▸ DATA SECTION
= = = = = = =

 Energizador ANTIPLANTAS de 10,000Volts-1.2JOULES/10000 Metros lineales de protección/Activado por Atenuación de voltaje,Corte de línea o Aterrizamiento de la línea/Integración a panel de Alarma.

= = = = = = =

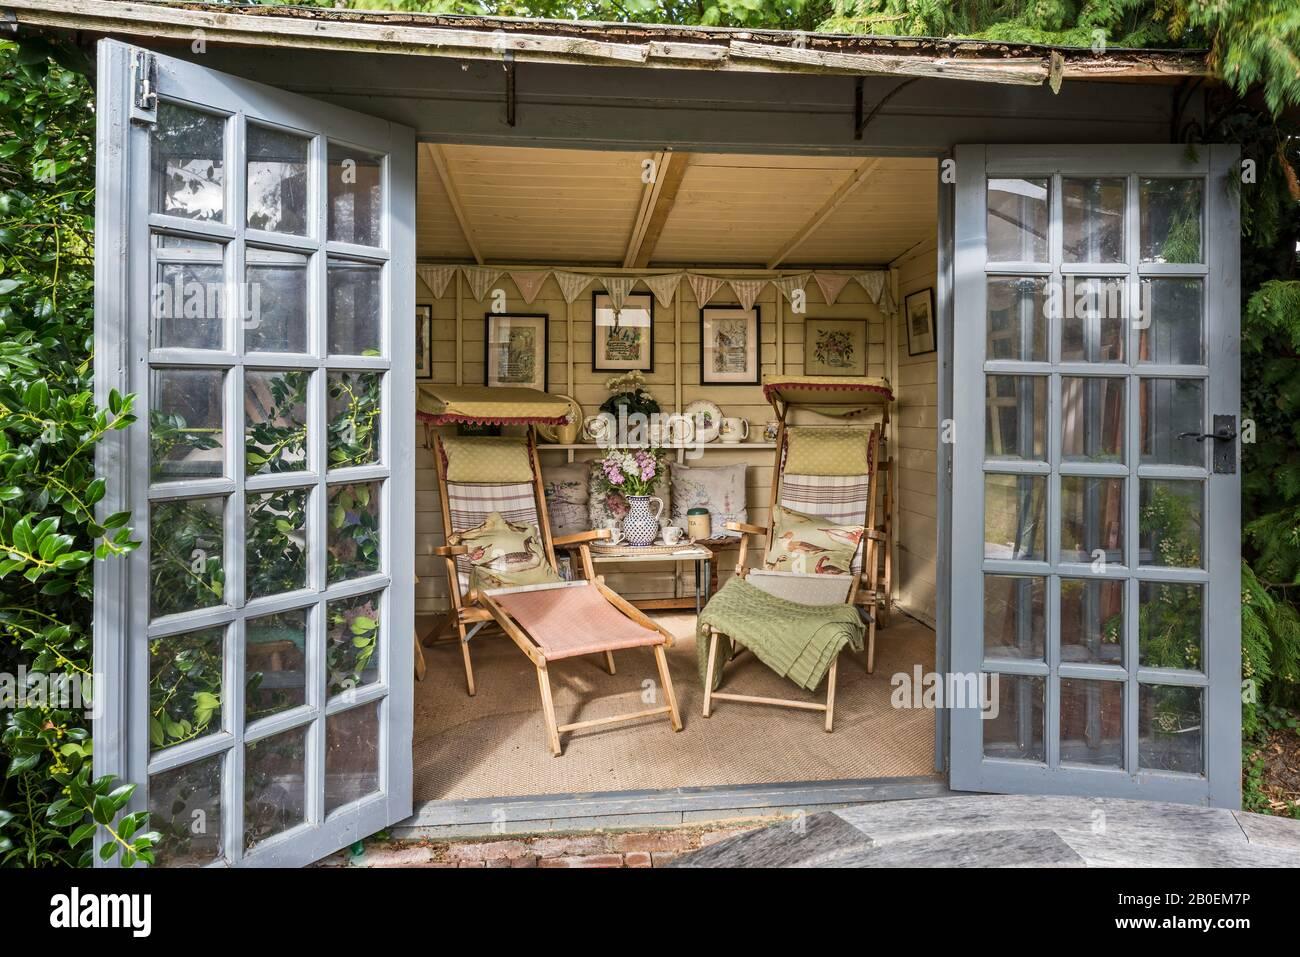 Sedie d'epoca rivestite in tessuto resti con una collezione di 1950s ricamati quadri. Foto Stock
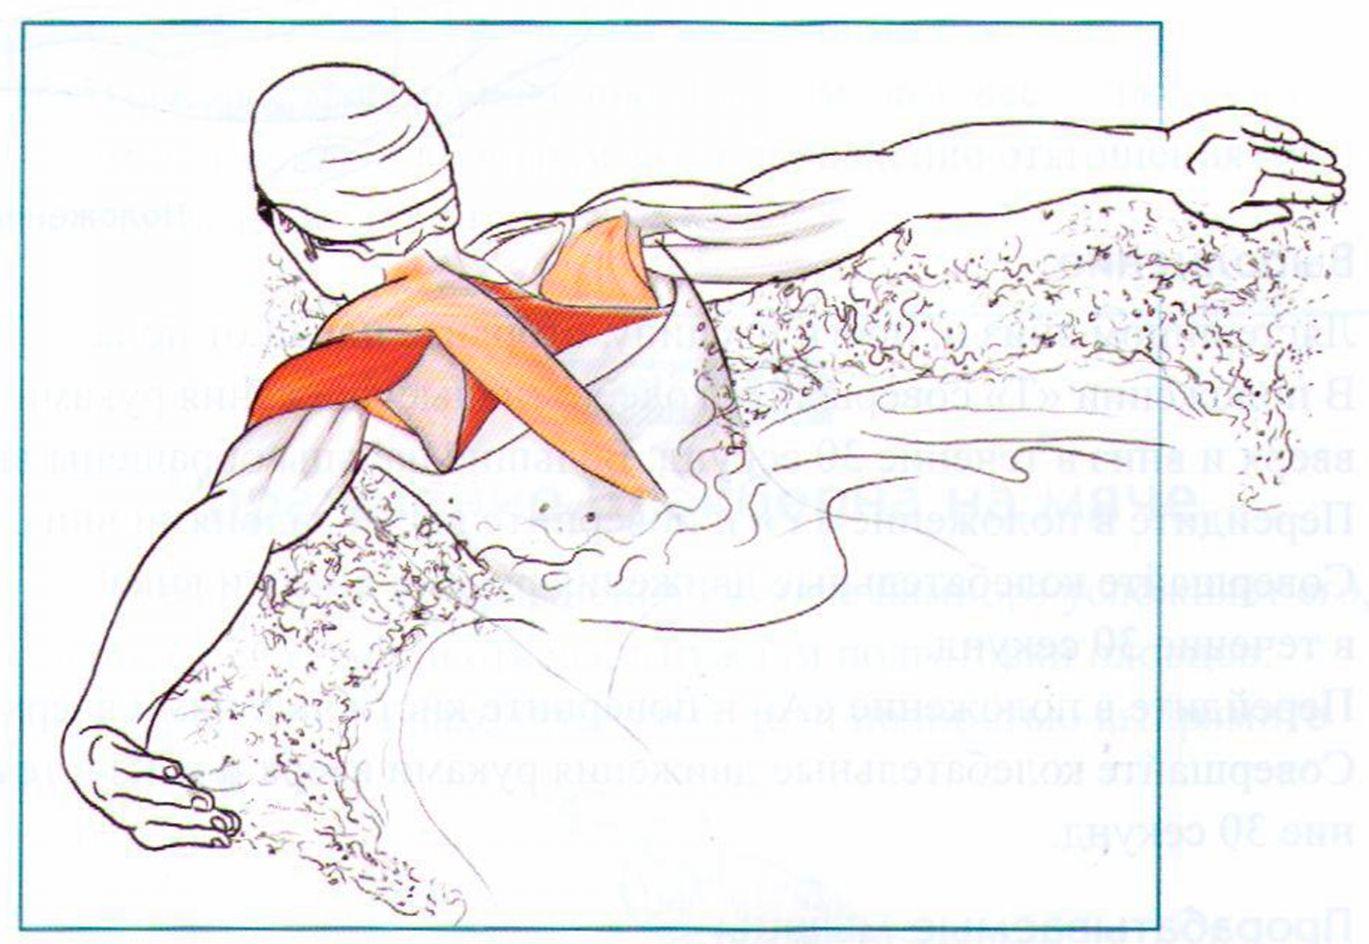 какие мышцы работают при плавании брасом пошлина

= = = = = = =

▸ WORK INSTRUCTION
Look above for the line with "Sedie d'epoca rivestite", then print it and each line after it down to and including the line with "какие мышцы работают". Leave out the pictures and keep the wording exact.

▸ ANSWER AREA
 Sedie d'epoca rivestite in tessuto resti con una collezione di 1950s ricamati quadri. Foto Stock
 какие мышцы работают при плавании брасом пошлина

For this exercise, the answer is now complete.